Russia has shown interest in building the second one as well and in fact made some attempts in the Turkish capital to feel the pulse. But they have realized that the chance for that looks very dim because the government made clear it will not be giving away the second tender to Russia. Ankara does not want to rely only on Russia in nuclear energy alternatives and is keen to see the deal it signed with Moscow go through as planned. The construction of the plant was already delayed a year because of new and more stringent measures introduced after the Fukushima incident. According to Energy Minister Yıldız, 88 new safety revisions were added to the project, prompting more comprehensive surveys on the ground. The construction is scheduled to start in mid-2015, and it is expected that the facility will start producing electricity in 2019.
Of course, there is an anti-nuclear lobby in Turkey headed by Turkey’s main opposition Republican People’s Party (CHP). The CHP even appealed to the Constitutional Court to annul the government’s agreement with Russia on the 2010 deal for the nuclear power plant, but the appeal was rejected in 2012 by the court. Some argued that a power plant in Mersin, some 300 kilometers from the famous seaside vacation city of Antalya, would negatively impact the tourism and hospitality industry. There is no evidence of that. In fact, there are six nuclear reactors within 200 kilometers of Paris, four reactors within 200 kilometers of Madrid and nine within 200 kilometers of London. What is more, a nuclear power plant in Bulgaria is 400 kilometers from İstanbul, while another one in Romania is 370 kilometers from the same city.

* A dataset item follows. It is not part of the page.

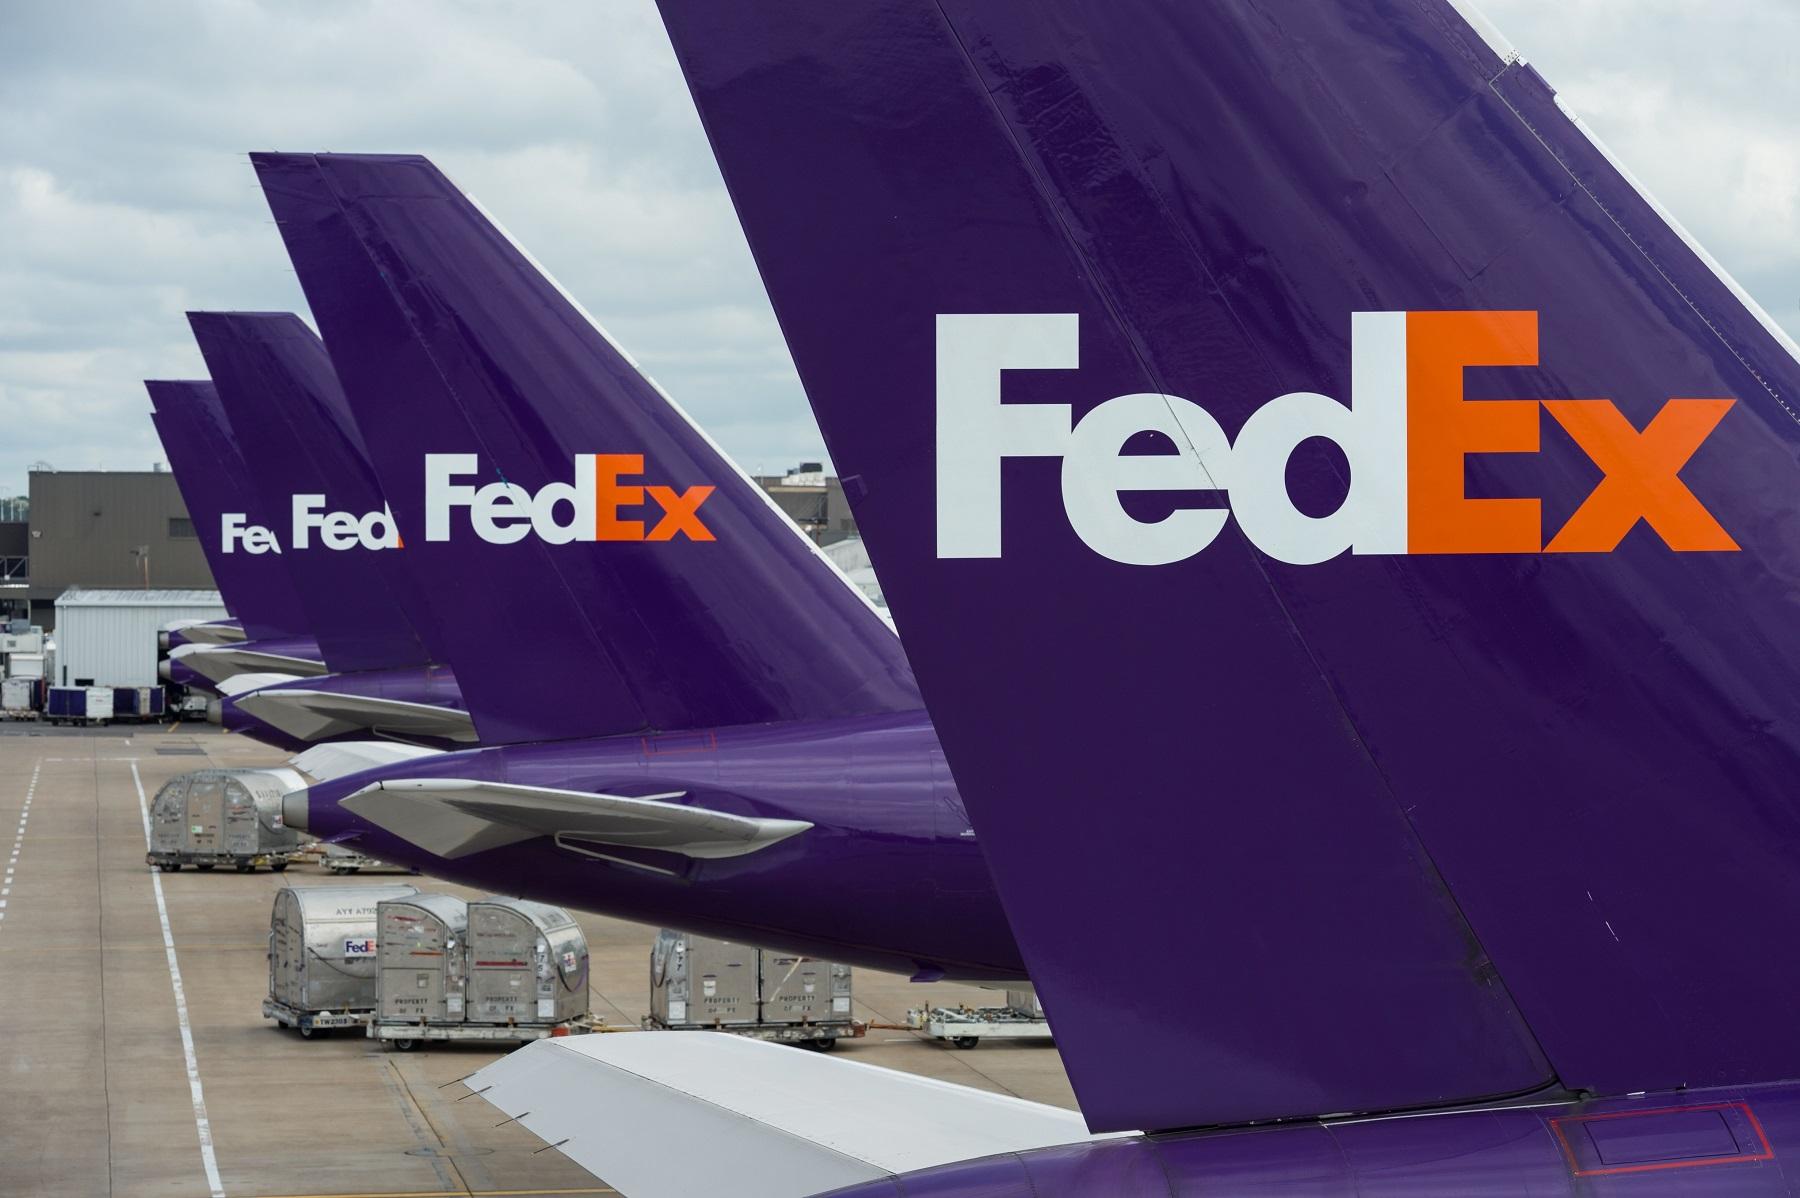 FedEx_Groesste_Fracht_Airline

It is hard to understand the opposition, though, considering that 13.5 percent of world electricity is generated from nuclear power plants. There are 442 nuclear power plants operating in the world with 61 more under construction. The share of nuclear power in electricity generation is 74 percent in France, 29 percent in Japan, 28 percent in Germany and 20 percent in the US. Government projections estimate that Turkey will need 500 kWh by 2023, the centennial of the foundation of the modern republic following the collapse of the Ottoman Empire. Turkey cannot meet this energy demand by simply relaying on renewable energy resources or expensive imported energy.
The target for the share of nuclear energy in Turkey’s electricity generation is 20 percent by 2023, and for that Turkey needs to build at least three nuclear plants. As the competition for the second one nears completion, existing bidders are also eying the third one.